A petition by the Dayton NAACP to allow voters to decide the fate of the controversial cameras failed to garner the support it needed.
(TNS) — Despite the Dayton NAACP’s efforts, voters will not get to decide this November the fate of the city’s traffic cameras.
The organization’s president, Derrick Foward, said Monday night that the group fell short on the number of signatures needed for a petition.
For months, the Dayton chapter of the NAACP has voiced concerns because they said the traffic cameras are located in some of the county’s poorest areas.
Foward said he is concerned those communities are being targeted unfairly. But when it came time to gather signatures to put this issue to a vote, they didn’t get enough.
“It definitely ends our ballot initiative here this year. We fell short. I mean, it’s very simple, we fell short,” Foward said.
NAACP members began collecting signatures in May.

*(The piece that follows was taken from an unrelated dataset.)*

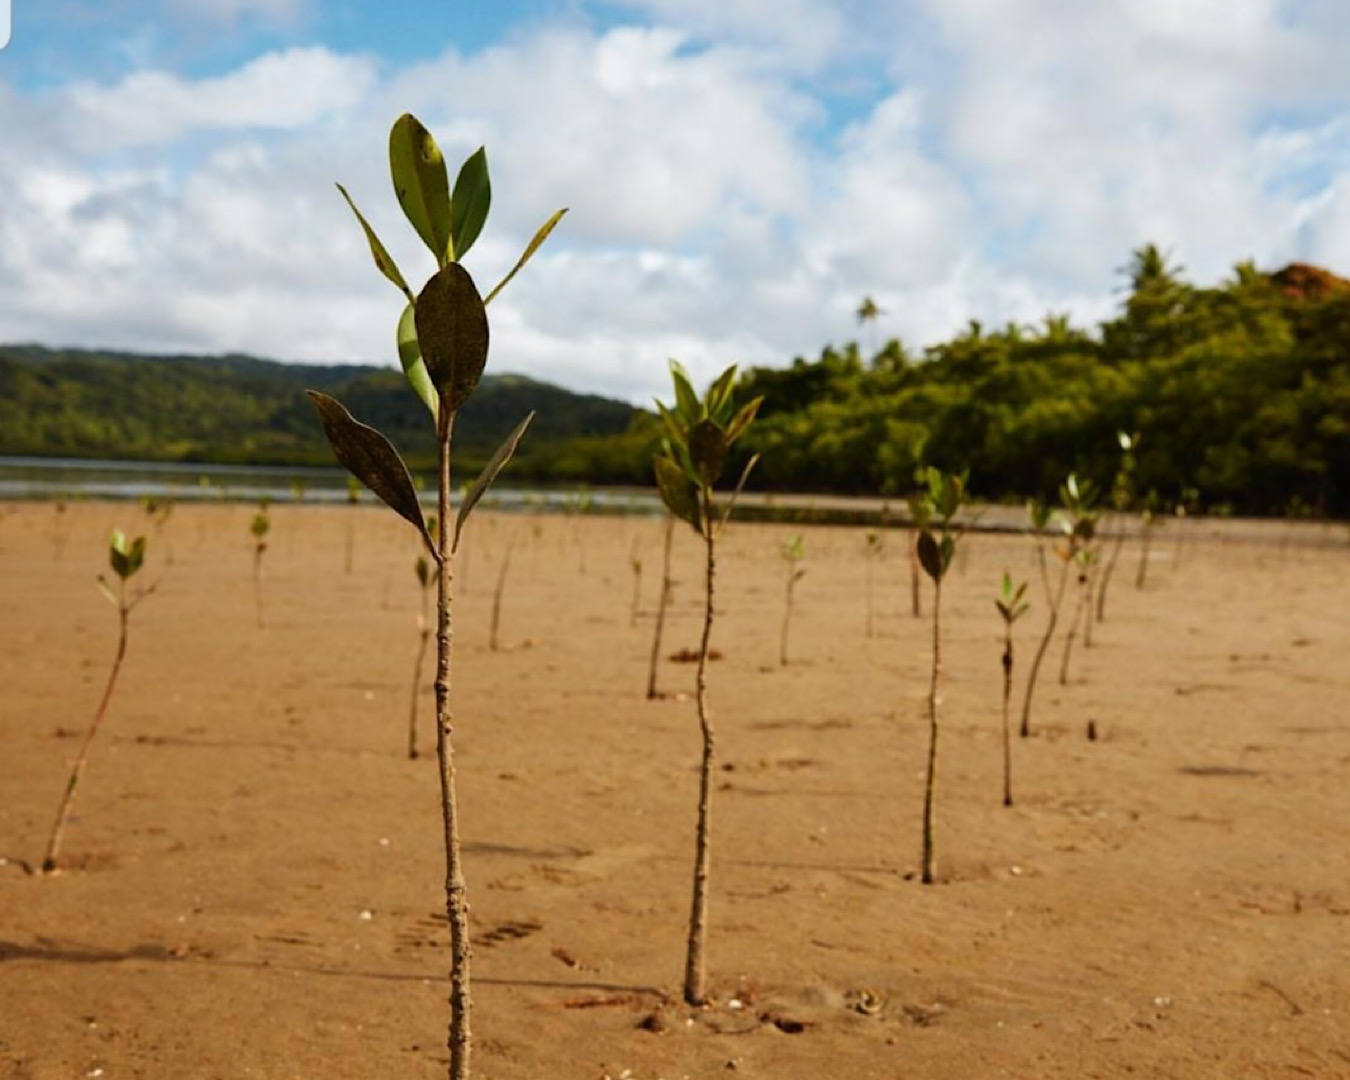 Baby mangroves planted in sand. 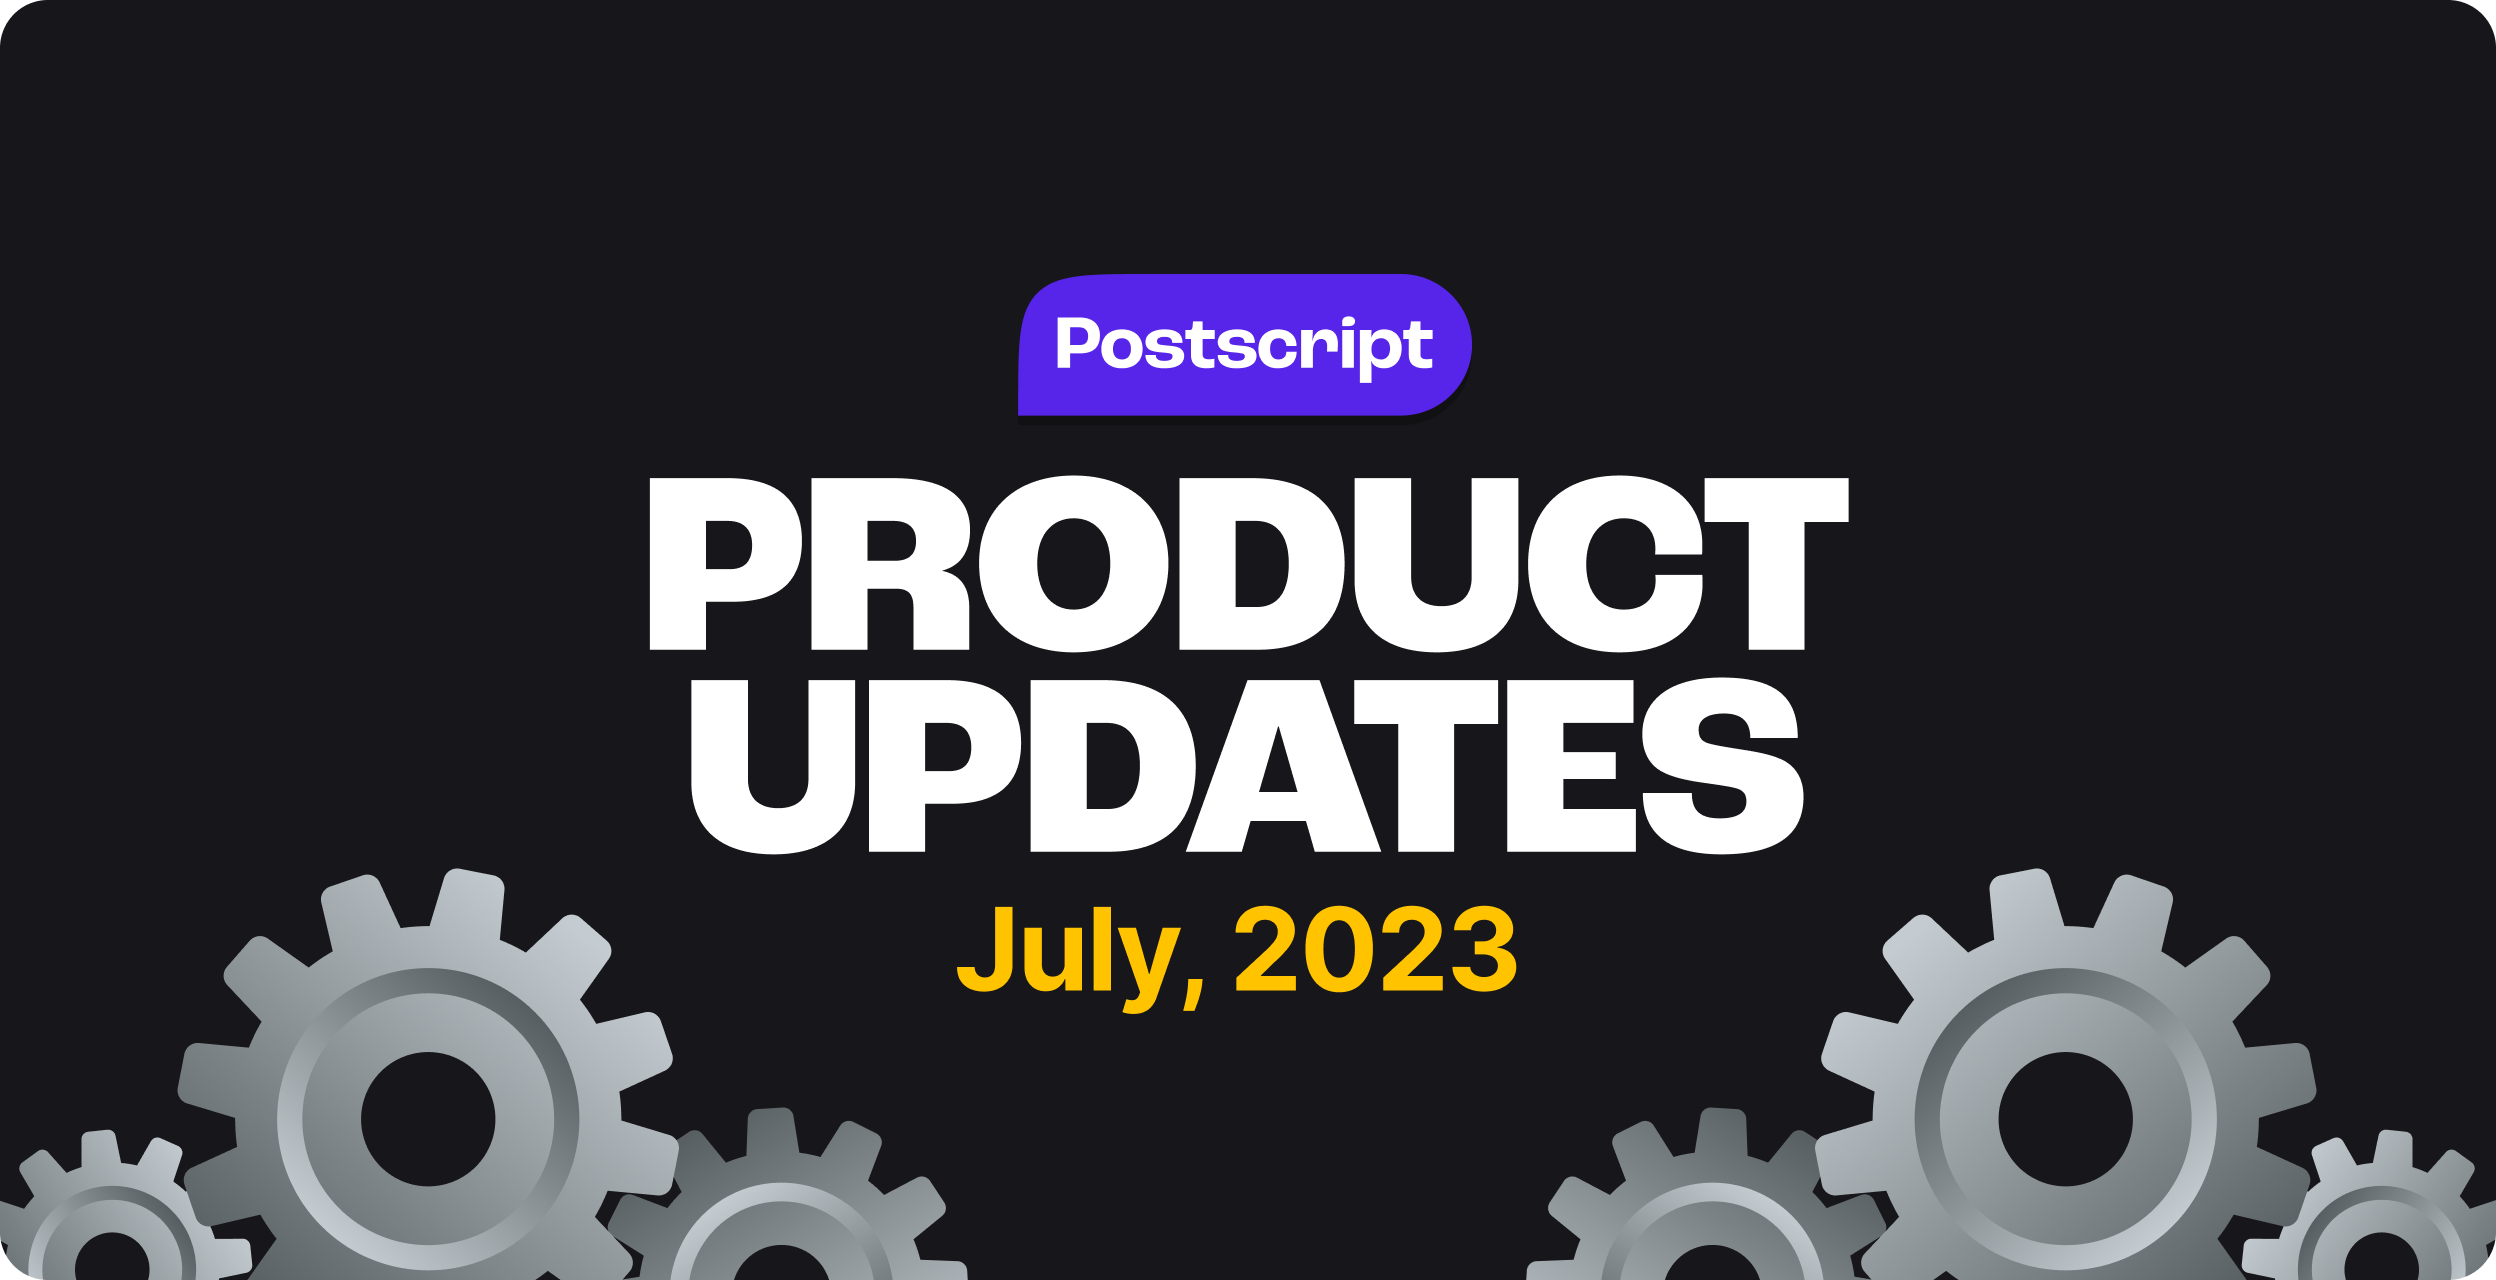 What’s New in Postscript: July 2023 Product Updates

The goal was to gather 5,000, but Foward said they did not come close.
“The community did not show up in the numbers we expected," he said. "Each one of our circulators came back and said it’s a mixed bag. Some people want the cameras, some people don’t want the cameras.”
Roshawn Reynolds works at a barber shop on West Third Street. One of the mobile cameras is set up across the street.
“I say get rid of them,” Reynolds said, though he admits it’s because he just doesn’t want a ticket. While he’s noticed other communities also have traffic cameras, that doesn’t bother him.
Forward said others have expressed something similar to him.
“A lot of people said, ‘well, I’m not concerned if Kettering has them or not ... I’m concerned about what’s happening inside my own community.’”
Dayton police have said the locations are based on crash data, and that cameras are working to make communities safer.
“We’ve had many conversations with the city of Dayton. The data does support where the cameras are being placed. But our position was slightly different than what the data has shown,” Foward said.
In the future, Foward said those conversations will continue. And he’s not ruling out another try at a ballot initiative.